# Exercise material:
——

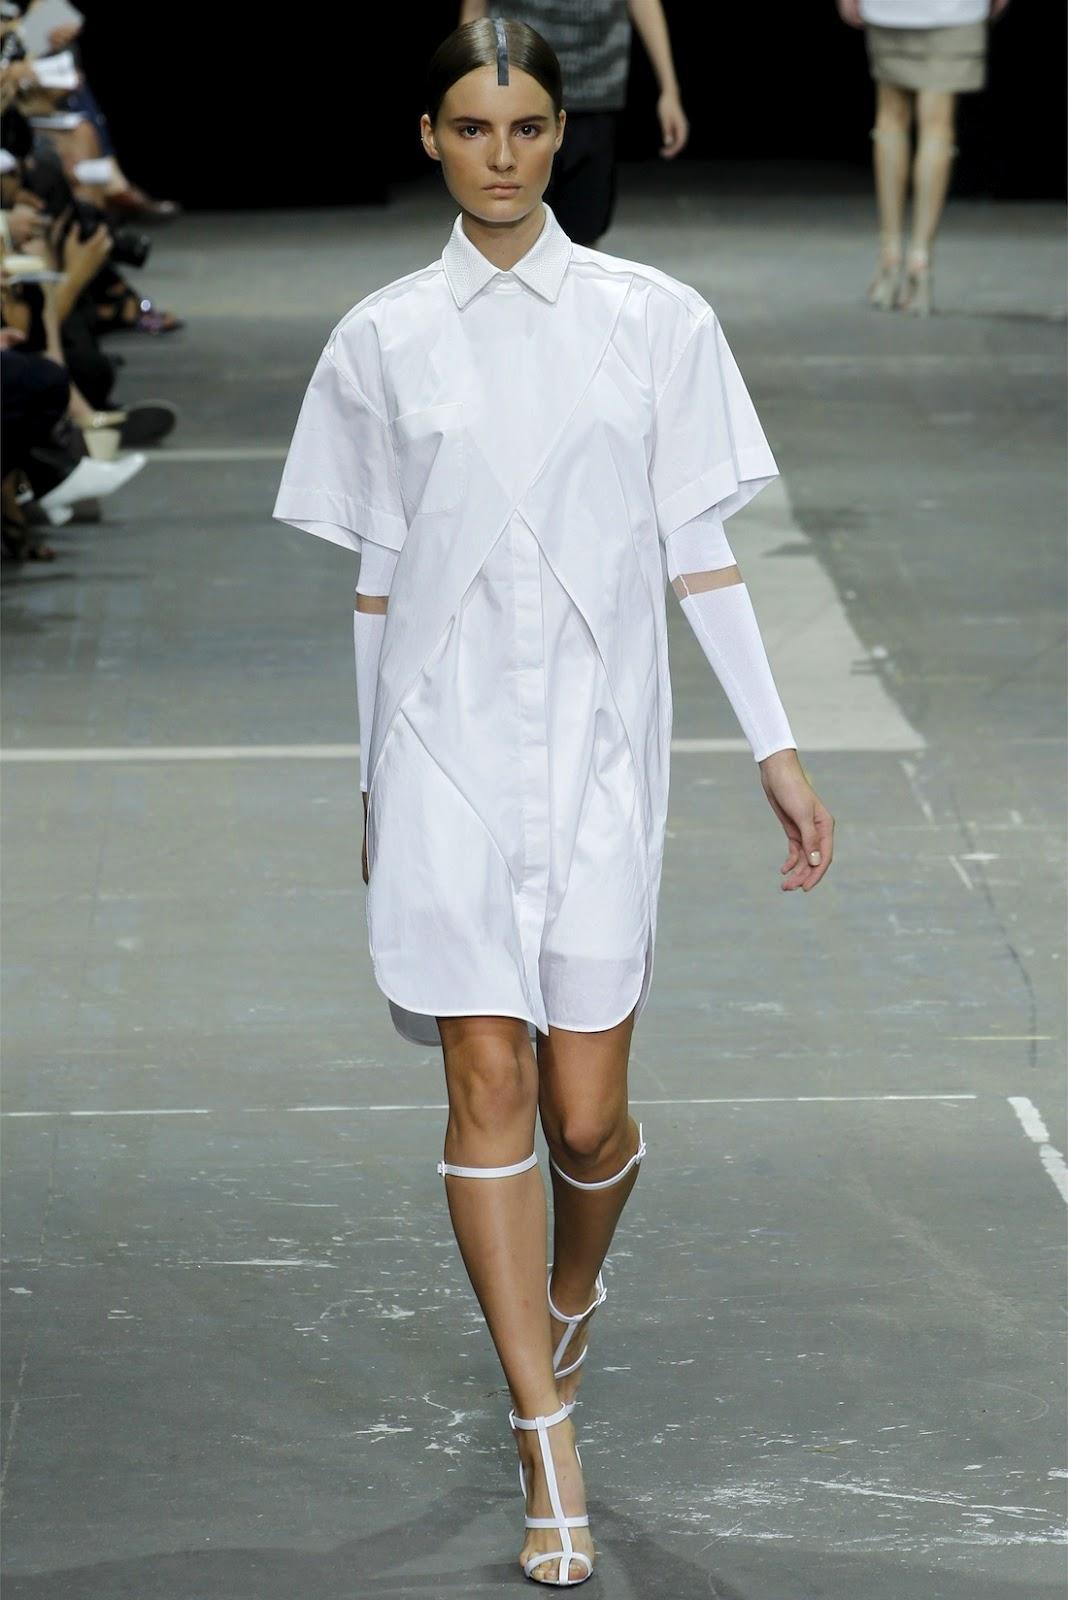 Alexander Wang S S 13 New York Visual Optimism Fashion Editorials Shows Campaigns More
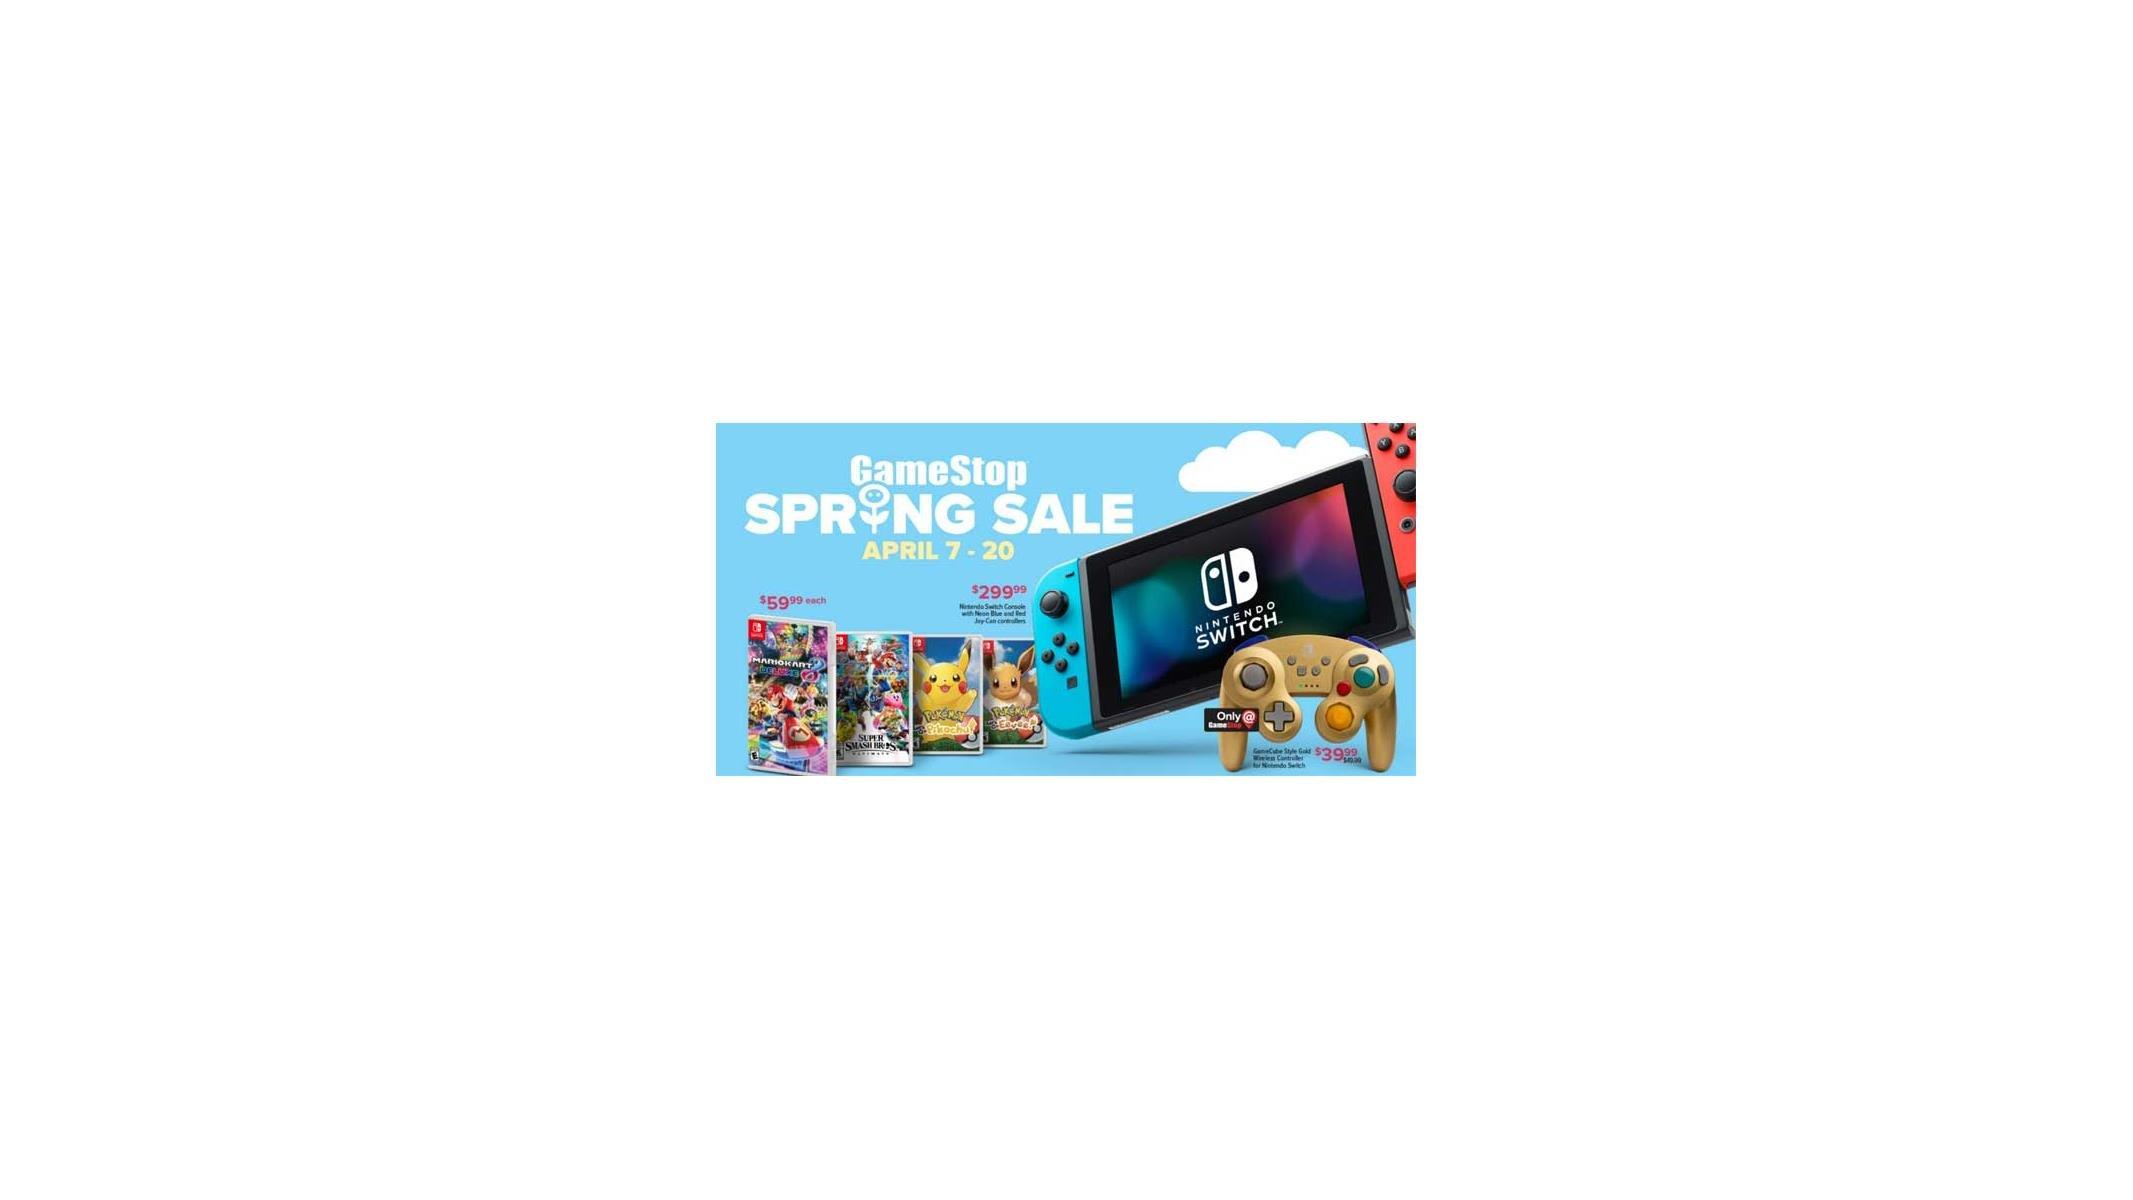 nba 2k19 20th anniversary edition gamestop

——

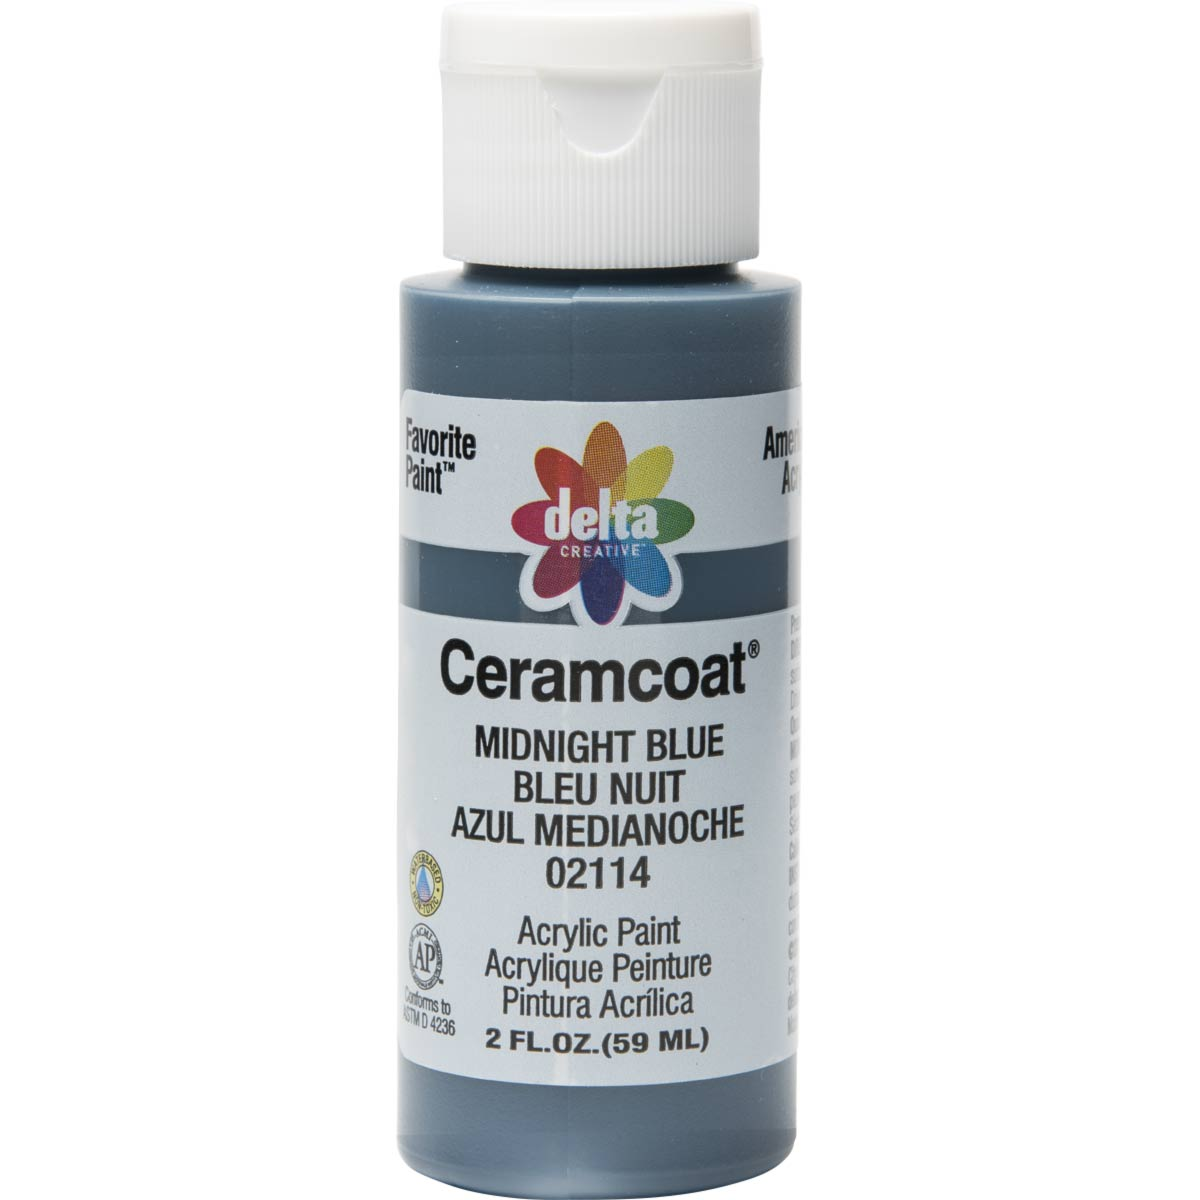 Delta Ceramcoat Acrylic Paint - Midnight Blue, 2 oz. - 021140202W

——

# Problem requirements:
In the data above, the stretch from the line with "Alexander Wang S" through the line with "nba 2k19 20th anniversary edition gamestop" is to be returned exactly, minus any pictures.

# Written solution:
 Alexander Wang S S 13 New York Visual Optimism Fashion Editorials Shows Campaigns More
 nba 2k19 20th anniversary edition gamestop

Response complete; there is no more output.